Mentioned in SAL (#wikimedia-operations) [2022-03-31T23:01:11Z] <bblack> esams->drmrs failover test begins - T304089

Change 776009 had a related patch set uploaded (by Zabe; author: Zabe):

[operations/dns@master] Remove esams-offline note from README

https://gerrit.wikimedia.org/r/776009

Change 776009 merged by BBlack:

[operations/dns@master] Remove esams-offline note from README

https://gerrit.wikimedia.org/r/776009

Note - we've made a last-minute change of plans about the timeline of the experiment, and decided to shorten it by one hour. We'll be re-pooling esams at ~22:00 UTC today, not ~23:00 as originally planned. Rationale is something like:

  • At 22:00, we should be past the true peak of the daily EMEA cycle, so there's little value in that extra hour of testing
  • Our caches cap all object TTLs at 24h
  • Therefore, if we wait a full 24h before re-pooling the (currently user-free) esams, virtually everything in the caches there will be expired.
  • Even if we had waited the full 24h, the caches would re-use some stale objects to help with inrush, but this would still trigger a large spike in background fetches to the applayer, risking transport saturation or application load impacts from the esams inrush.
  • Those risks, late on a Friday, aren't worth it for the near-zero value of the extra hour of testing when we're already past the peak traffic time.

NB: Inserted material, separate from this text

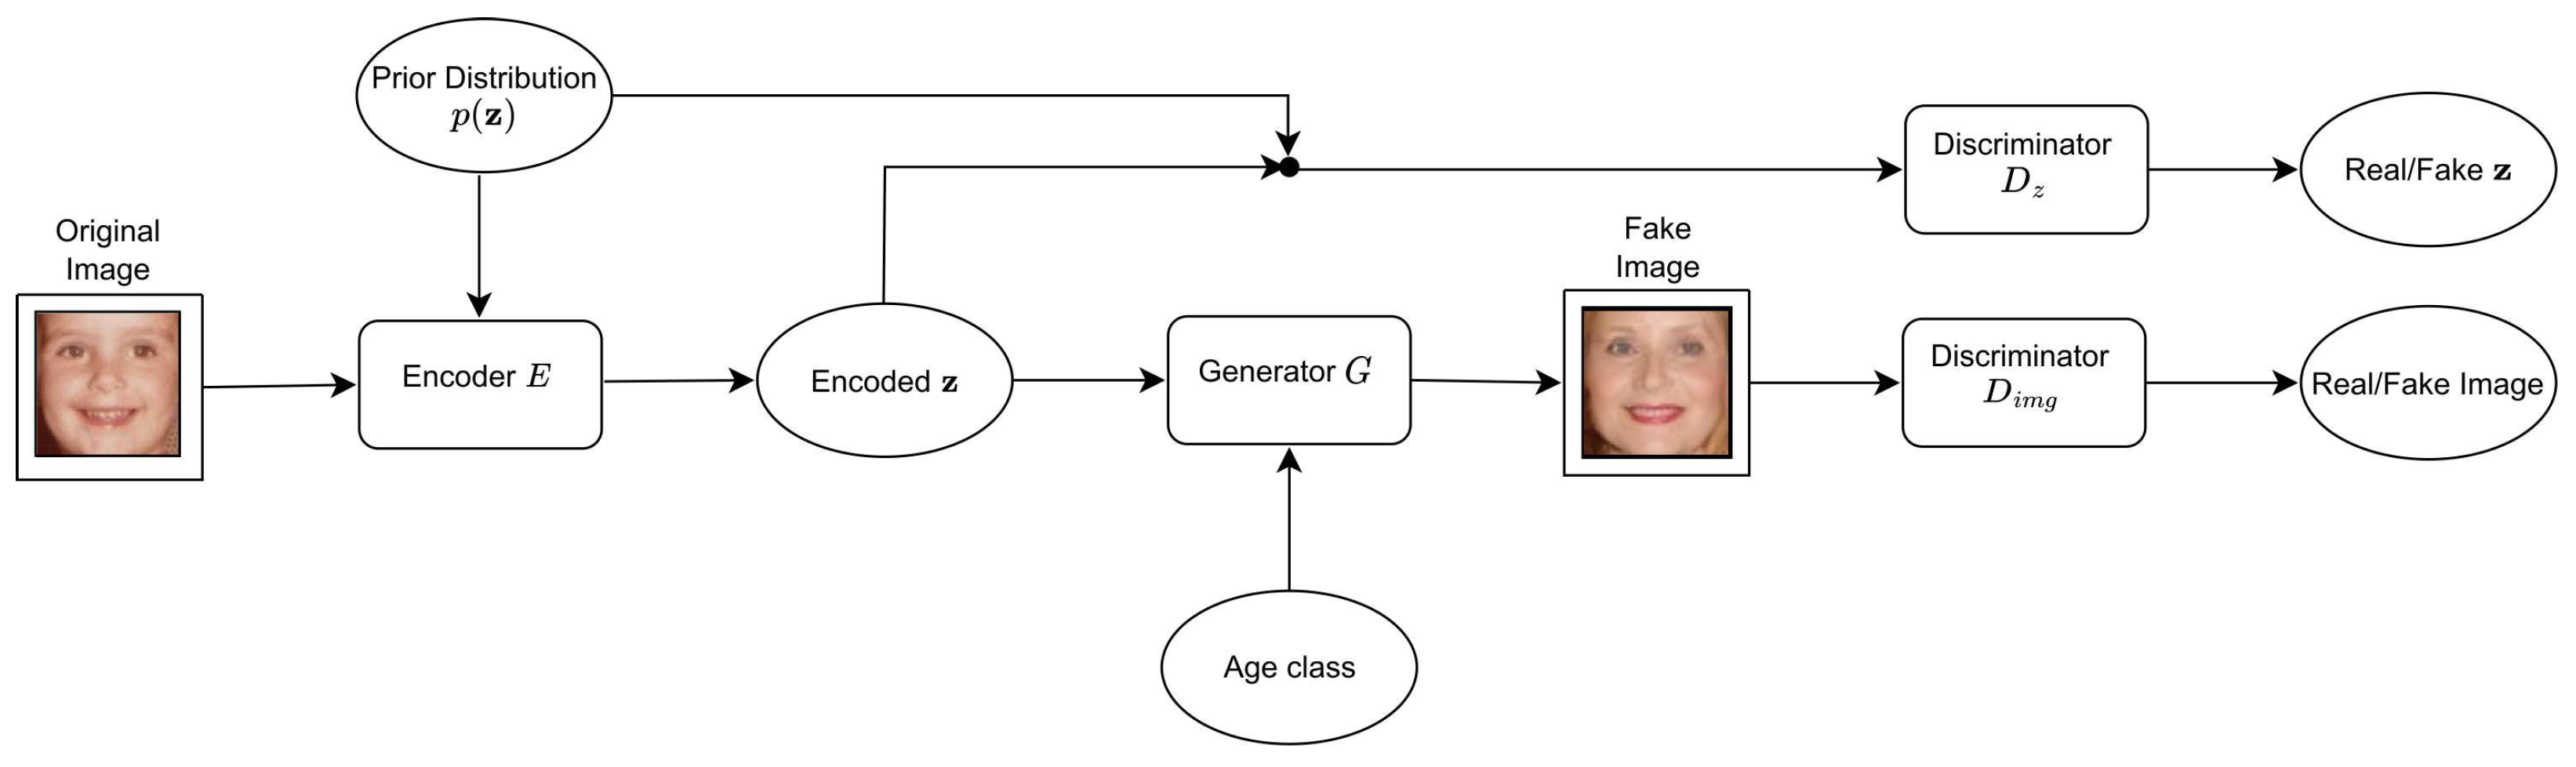 Best of 2017: Neural Network Learns to Synthetically Age Faces, and Make  Them Look Younger, Too, by The Physics arXiv Blog
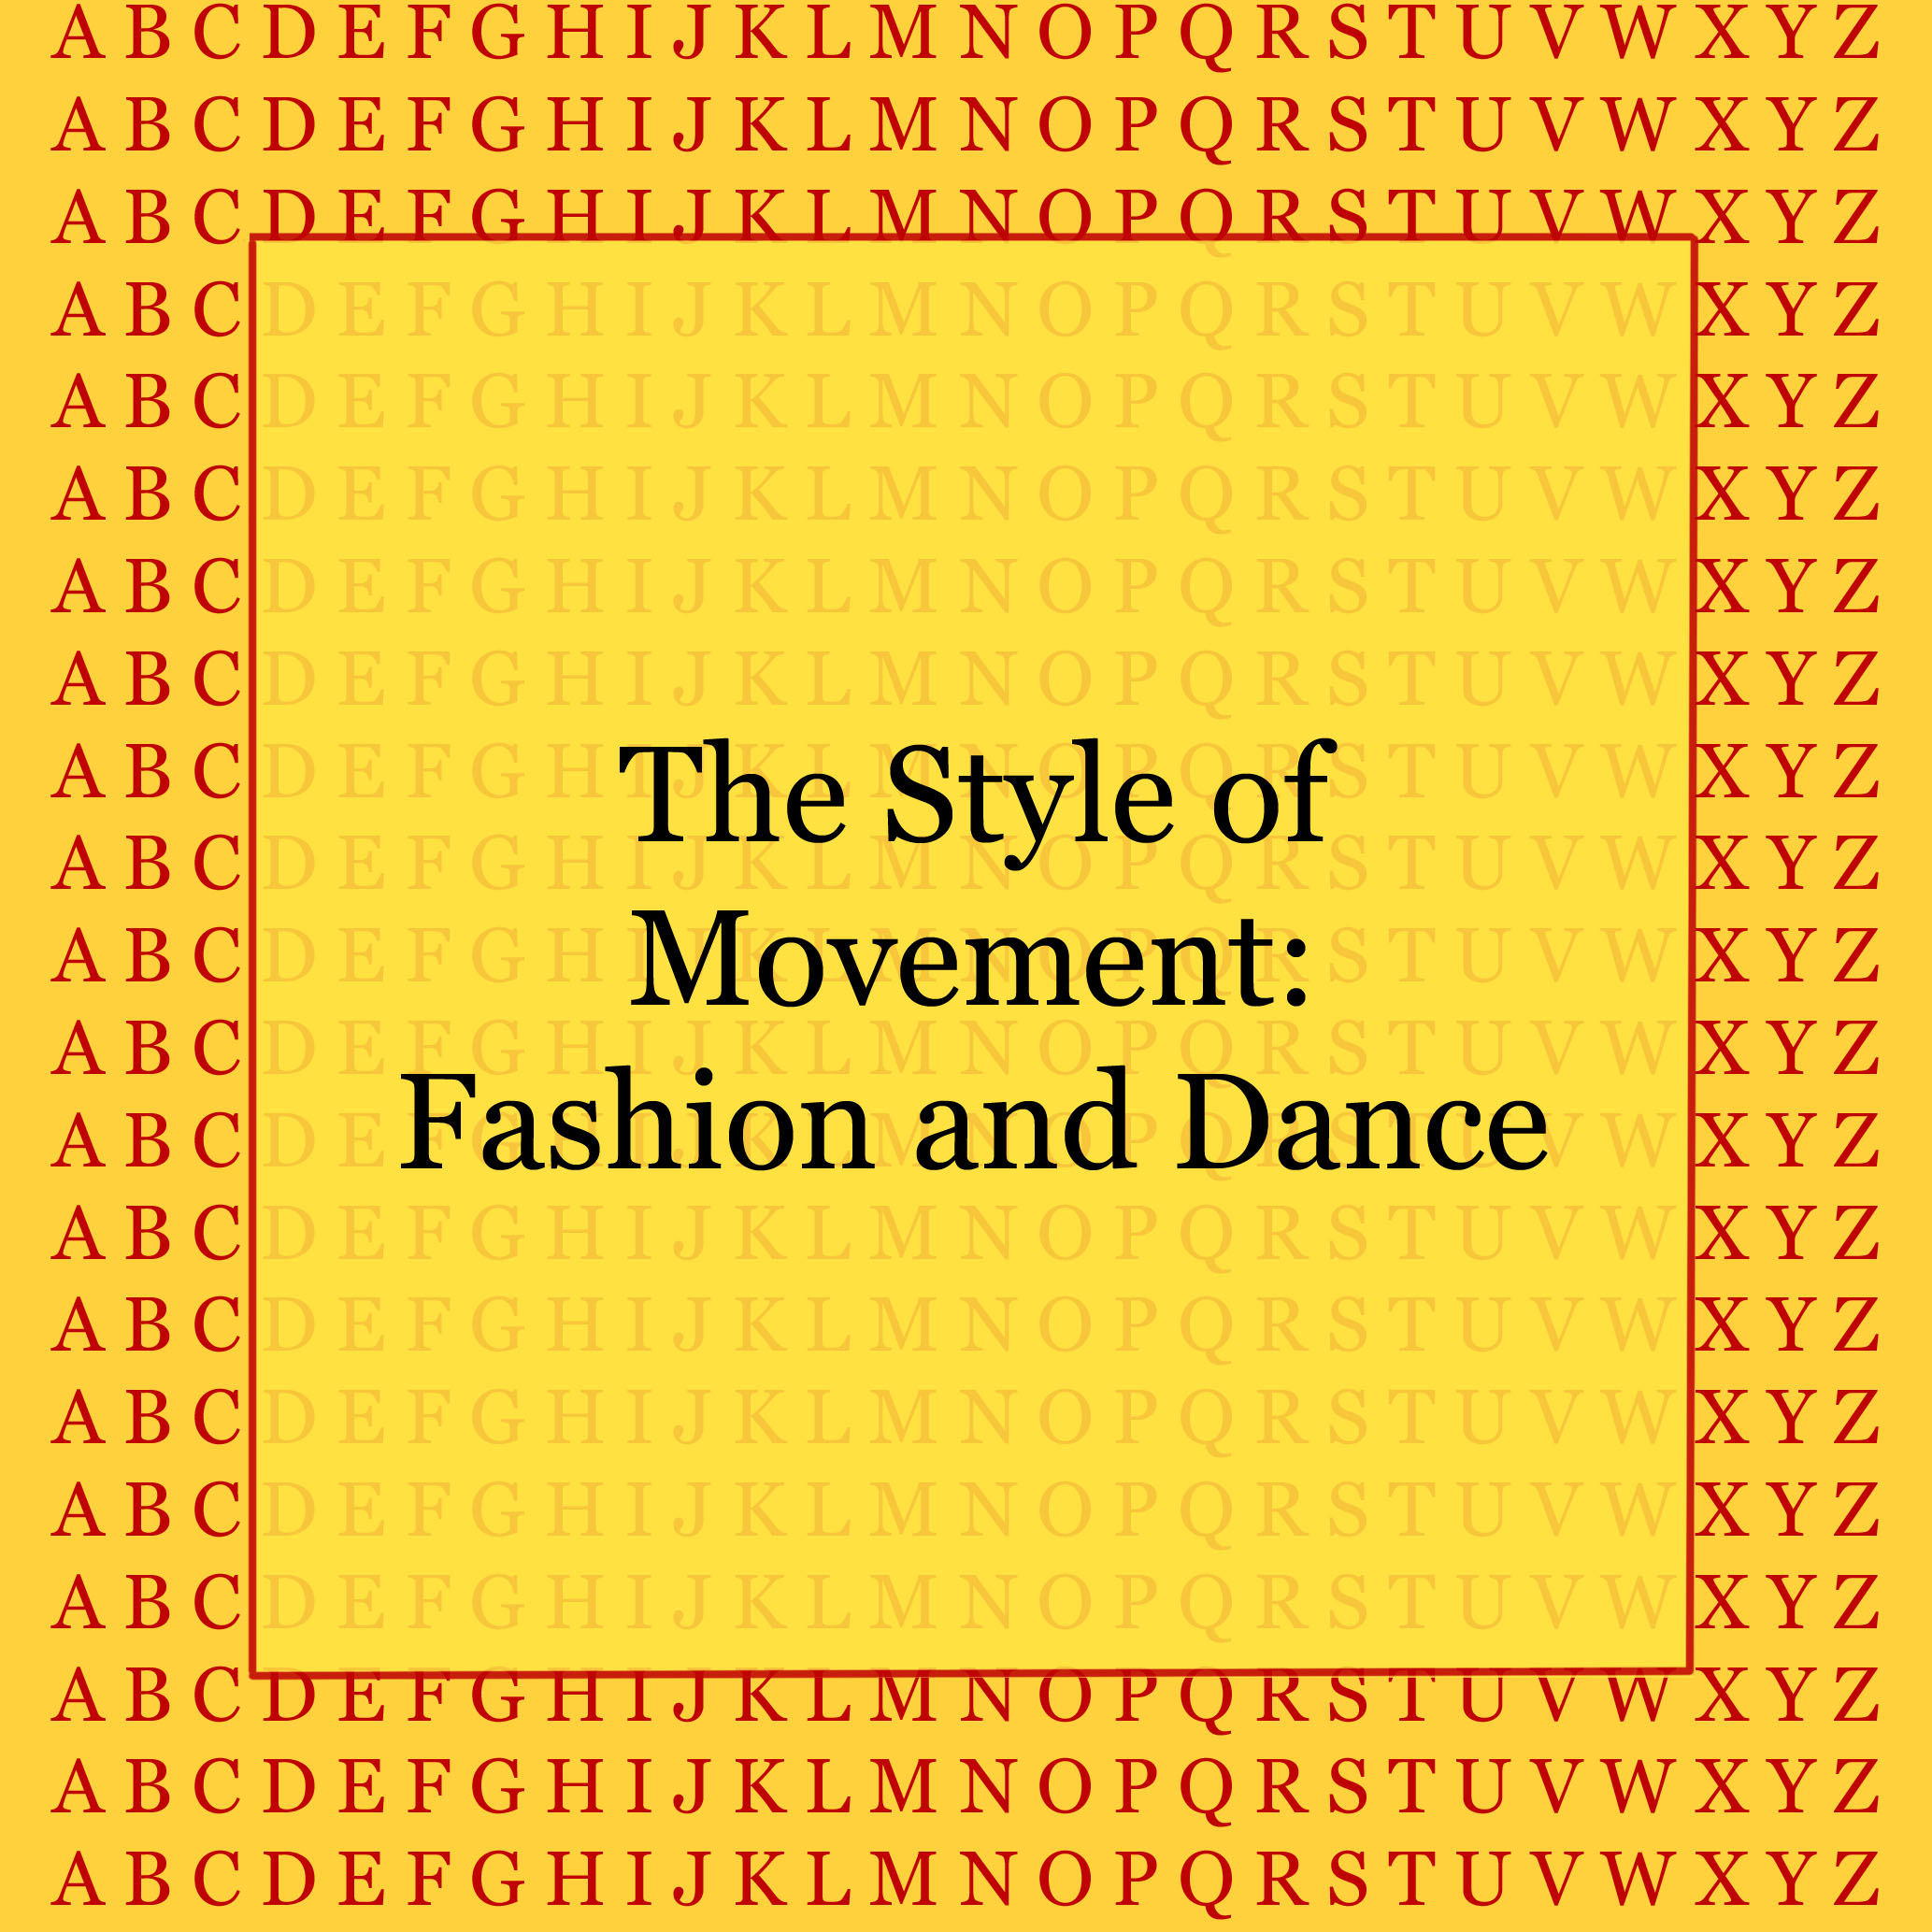 The Style of Movement - Fashion and Dance - kultur4all.de

Change 776045 had a related patch set uploaded (by BBlack; author: BBlack):

[operations/dns@master] Revert "Depool esams to test drmrs at full EMEA load"

https://gerrit.wikimedia.org/r/776045

Change 776045 merged by BBlack:

[operations/dns@master] Revert "Depool esams to test drmrs at full EMEA load"

https://gerrit.wikimedia.org/r/776045

Test concluded, and esams is re-pooled. More analysis and planning to follow next week I'm sure, but the basic highlights are:

  • We went 23h (including all of the daily peak period) with all the EMEA traffic on drmrs whlie esams was fully de-pooled
  • No major issues
  • Telia transit peaked at ~6.6Gbps outbound, was the highest by far.
  • Total transit+peering peak somewhere around 16Gbps (rough manual sum from librenms graphs)
  • @ayounsi did some minor traffic engineering to offload our heaviest transit link out of caution during the ramp-up - https://gerrit.wikimedia.org/r/c/operations/homer/public/+/776157/1/templates/includes/policies/drmrs-paths.conf
  • Basically proves we've got a reliable plan for site-level redundancy within EMEA now, and can depool either of esams or drmrs without having their bulk traffic shifted back across the pond to eqiad in the US, which adds a lot of latency for users and has historically had a tendency to cause various saturation issues.

Thanks @MMandere and @ssingh for providing coverage for various portions of the 23h test window, and Arzhel for keeping an eye on transit balance!

ayounsi claimed this task.

I think everything here is done, and follow up is in T311472: DRMRS: Geodns Configuration -- Phase 2
Feel free to re-open if needed.